Take for instance, bitter. There are certain sequences of genes that trigger the taste of bitter and can be inherited from one or both parents. Though we might have receptors (located on the very tips of the taste buds) for tasting bitter in the tongue, it takes certain genes to tell our minds the degrees of bitter, or if bitter is tasted at all.

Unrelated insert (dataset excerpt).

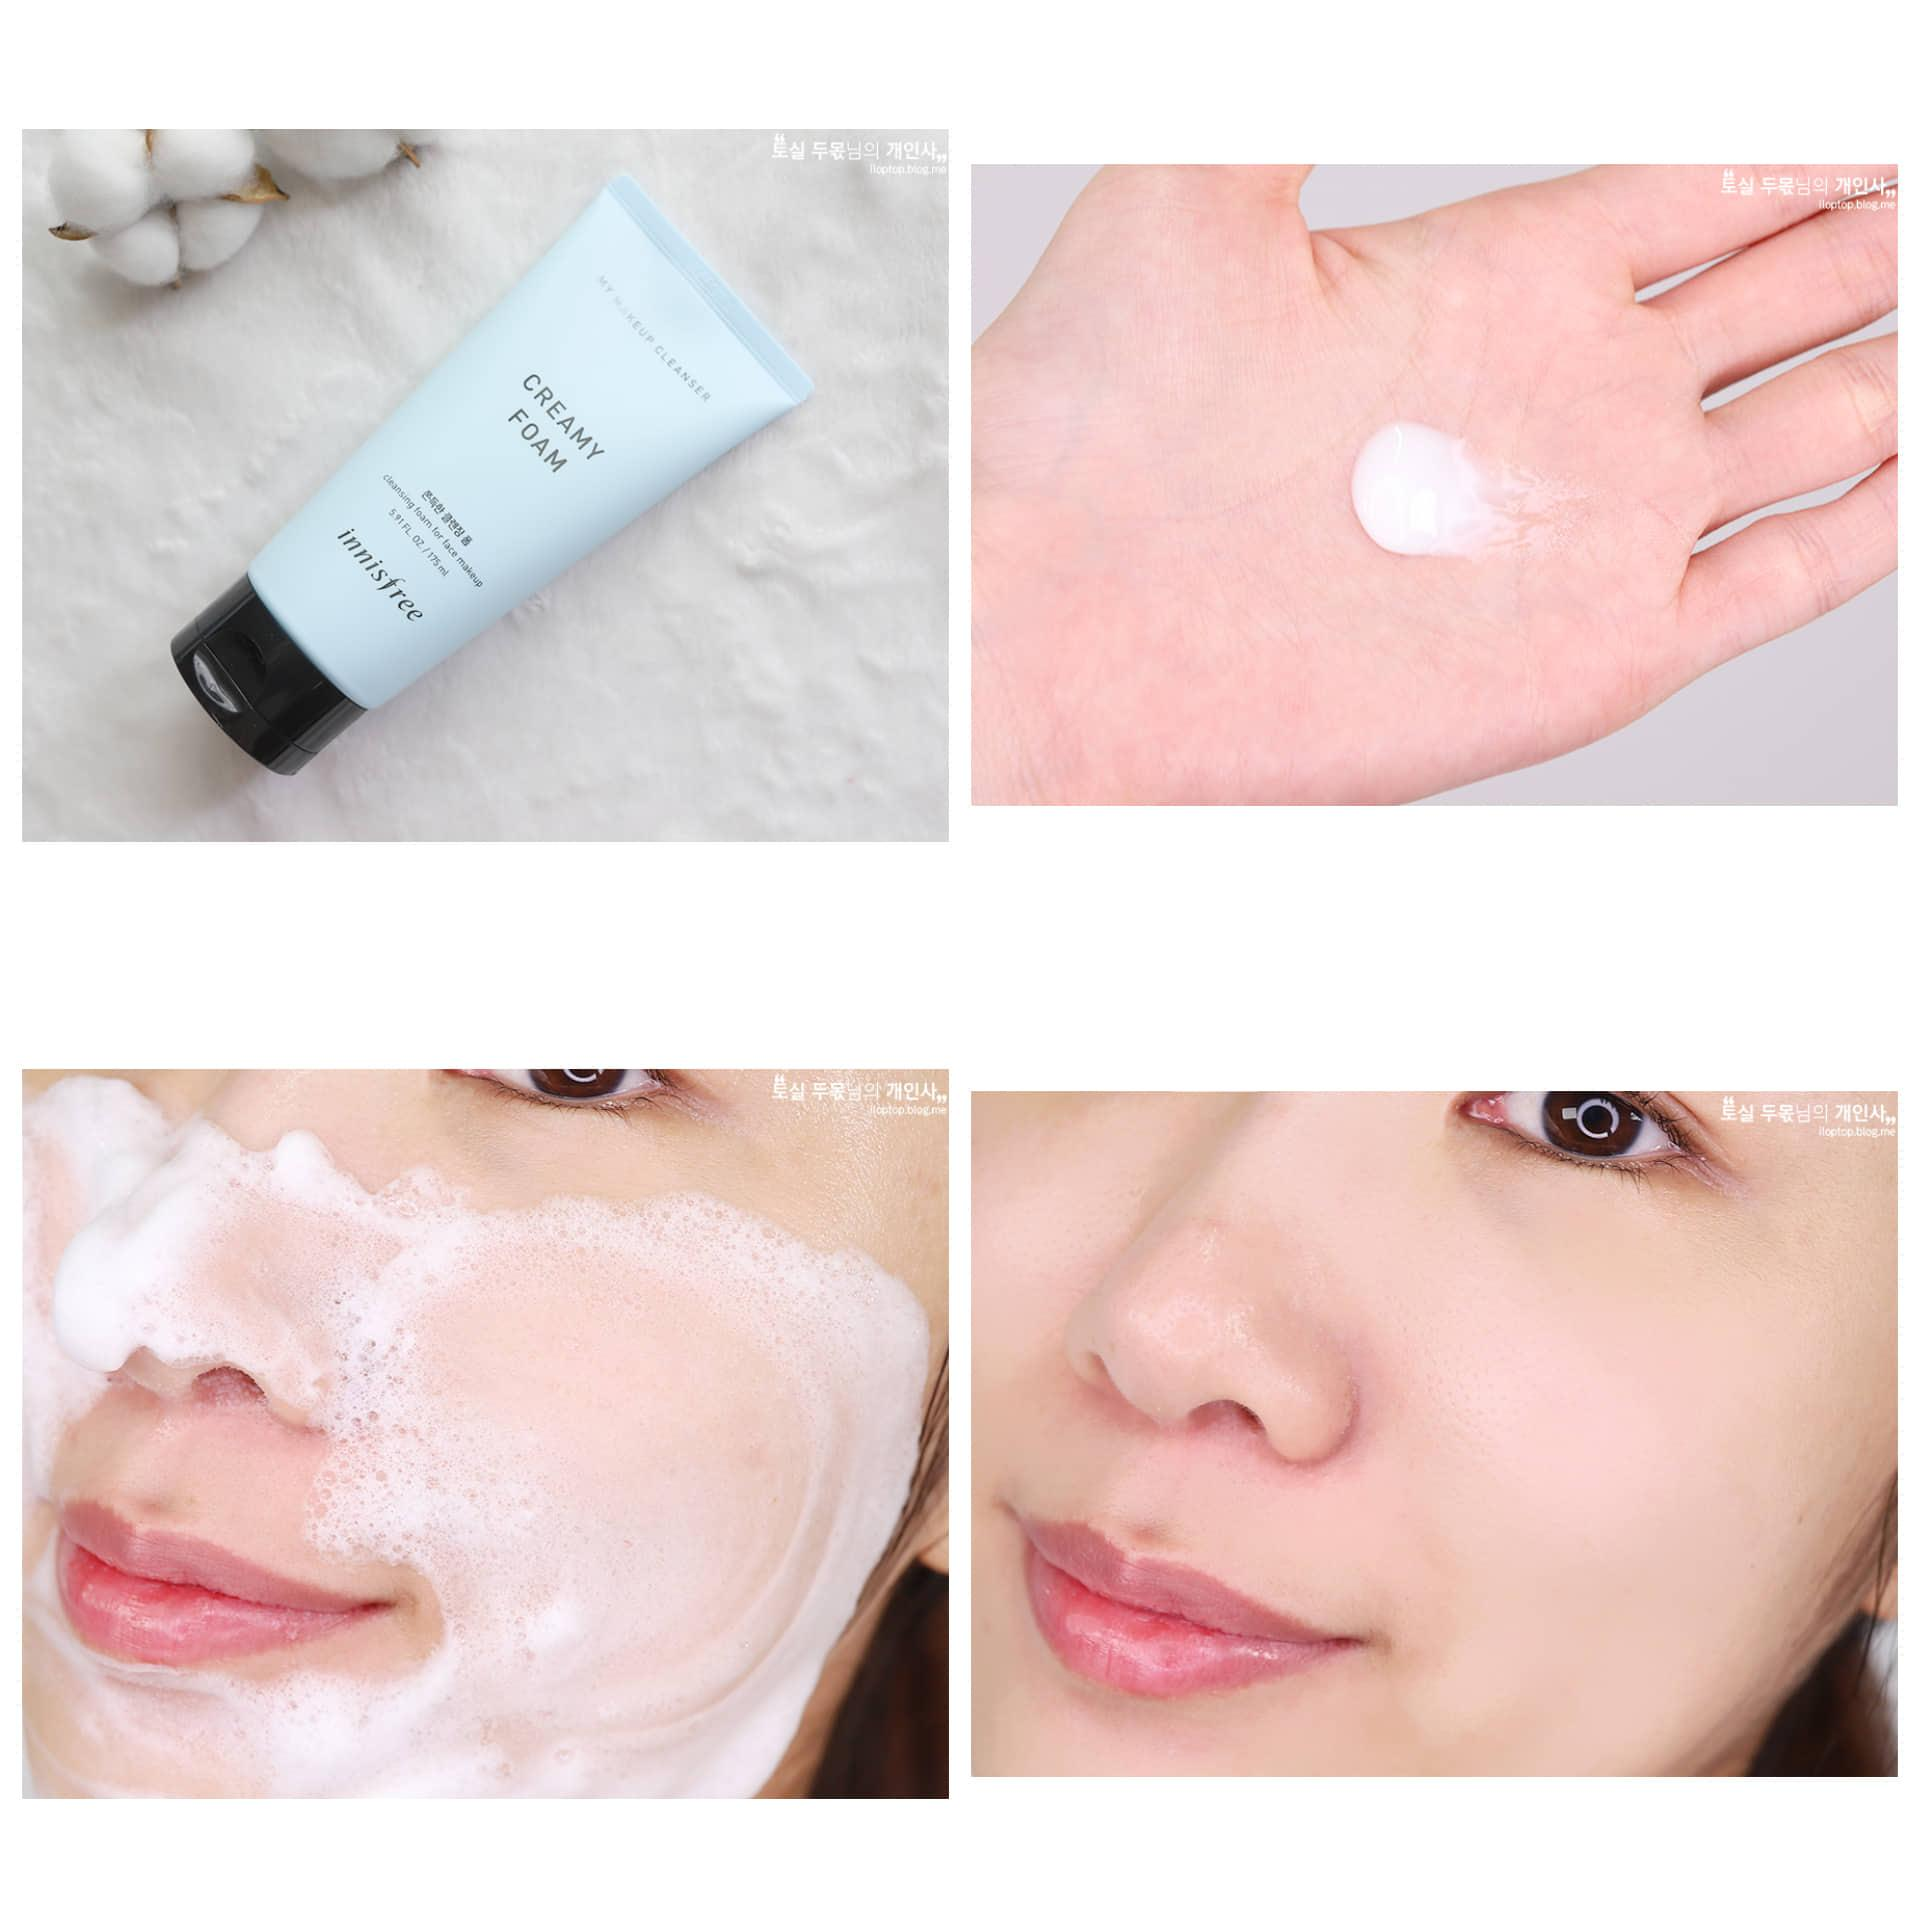 Sữa Rửa Mặt Tẩy Trang Innisfree My Make Up Cleanser Creamy Foam 175ml
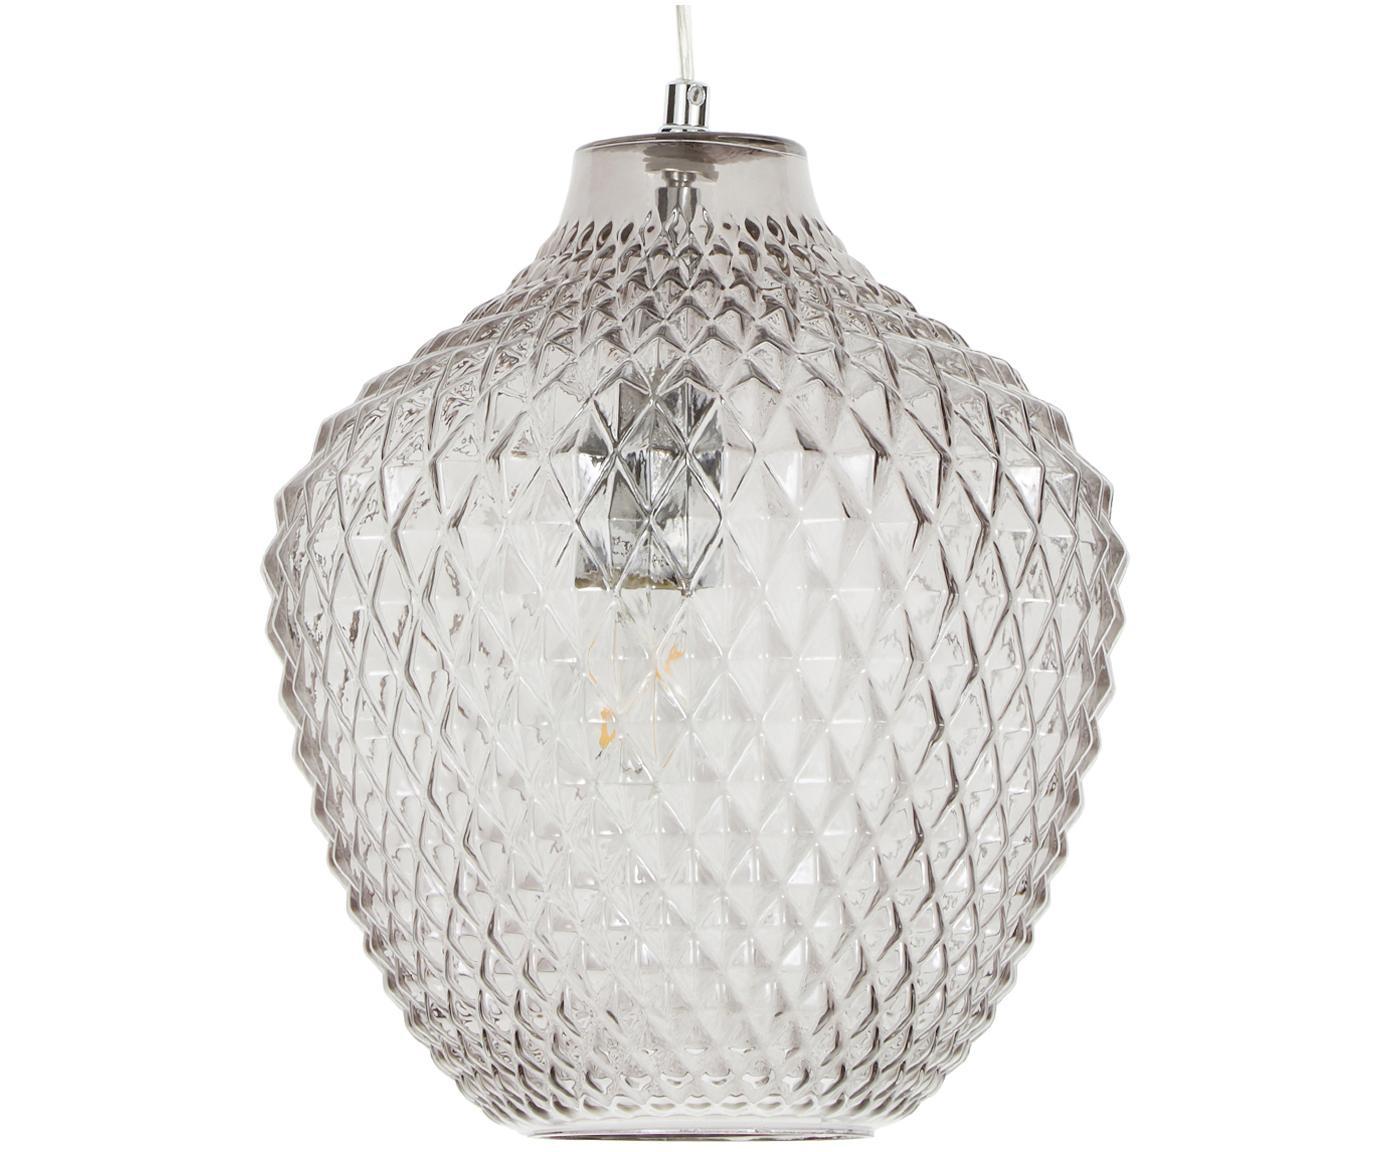 Pendelleuchte Lee aus Glas, Baldachin: Metall, verchromt, Lampenschirm: Glas, Grau, transparent, Chrom, ∅ 27 x H 33 cm

Way back when man evolved, tasting bitter kept the poisonous plants off their menu and has passed on through the ages.

Smell and sight are also necessary to complete the tasting experience, but it is the little buds on the tongue that initially deliver the signal to the brain what chemical we taste as we eat.

You can count five basic ones: sweet, sour, salty, bitter and umami (savory taste found in items such as meat, cheese and even tomatoes).

Each taste sensation has a corresponding receptor on the taste bud that creates flavors we love, hate or for some people, can’t really taste.

Look in the mirror and say AHHHH, and the pink bumps located on the front, back and sides of the tongue are the points of taste sensation.

In fact, every animal with a backbone (except for the woeful hagfish) sports a tongue with taste buds that cater to different tastes.

For instance, birds with their savory taste buds have lost the ability to taste sugars, but nectar-feeding hummingbirds re-evolved them by repurposing the receptors used to taste savory food into sweet tasting ones.

Evolution has it that certain tastes are supposed to entice us to eat what the body needs. This could be a bit illogical when it comes to sugar, but sensing sweet tastes is actually essential to us. The sugar molecule is a component of carbohydrates, a necessary fuel for our body. Modern living has allowed much-too-easy access to simple carbohydrates as humanity munches down foods filled with refined grains and sugar.

It is whole grains and vegetables that need to rev our internal engines, but life has brought us chocolate lava cake and doughnuts, leading the taste buds into mass betrayal.

Same goes for proteins. Savory chemicals are detected in the taste buds, to tell the brain that yes, this contains protein, so eat it to build a strong body. And sour items make the mouth pucker in defiance to acidity since too much is not good for the body.

Salty sensations in the taste buds bring both humans and animals to seek out salt since this mineral is not stored in our body. It is a necessary component for an array of metabolic functions within our body. Unfortunately many packaged foods contain large amounts of salt, and much more is usually consumed than necessary.

Our taste buds, as wonderful they may be, probably are still evolving as we indulge in the incredible taste sensations that pour out at us whenever we sit down to eat.

And in a thousand years, who knows how many tastes we might be sporting on our tongue as we use creativity in preparing our foods, and genes turn on and off with each bite we take.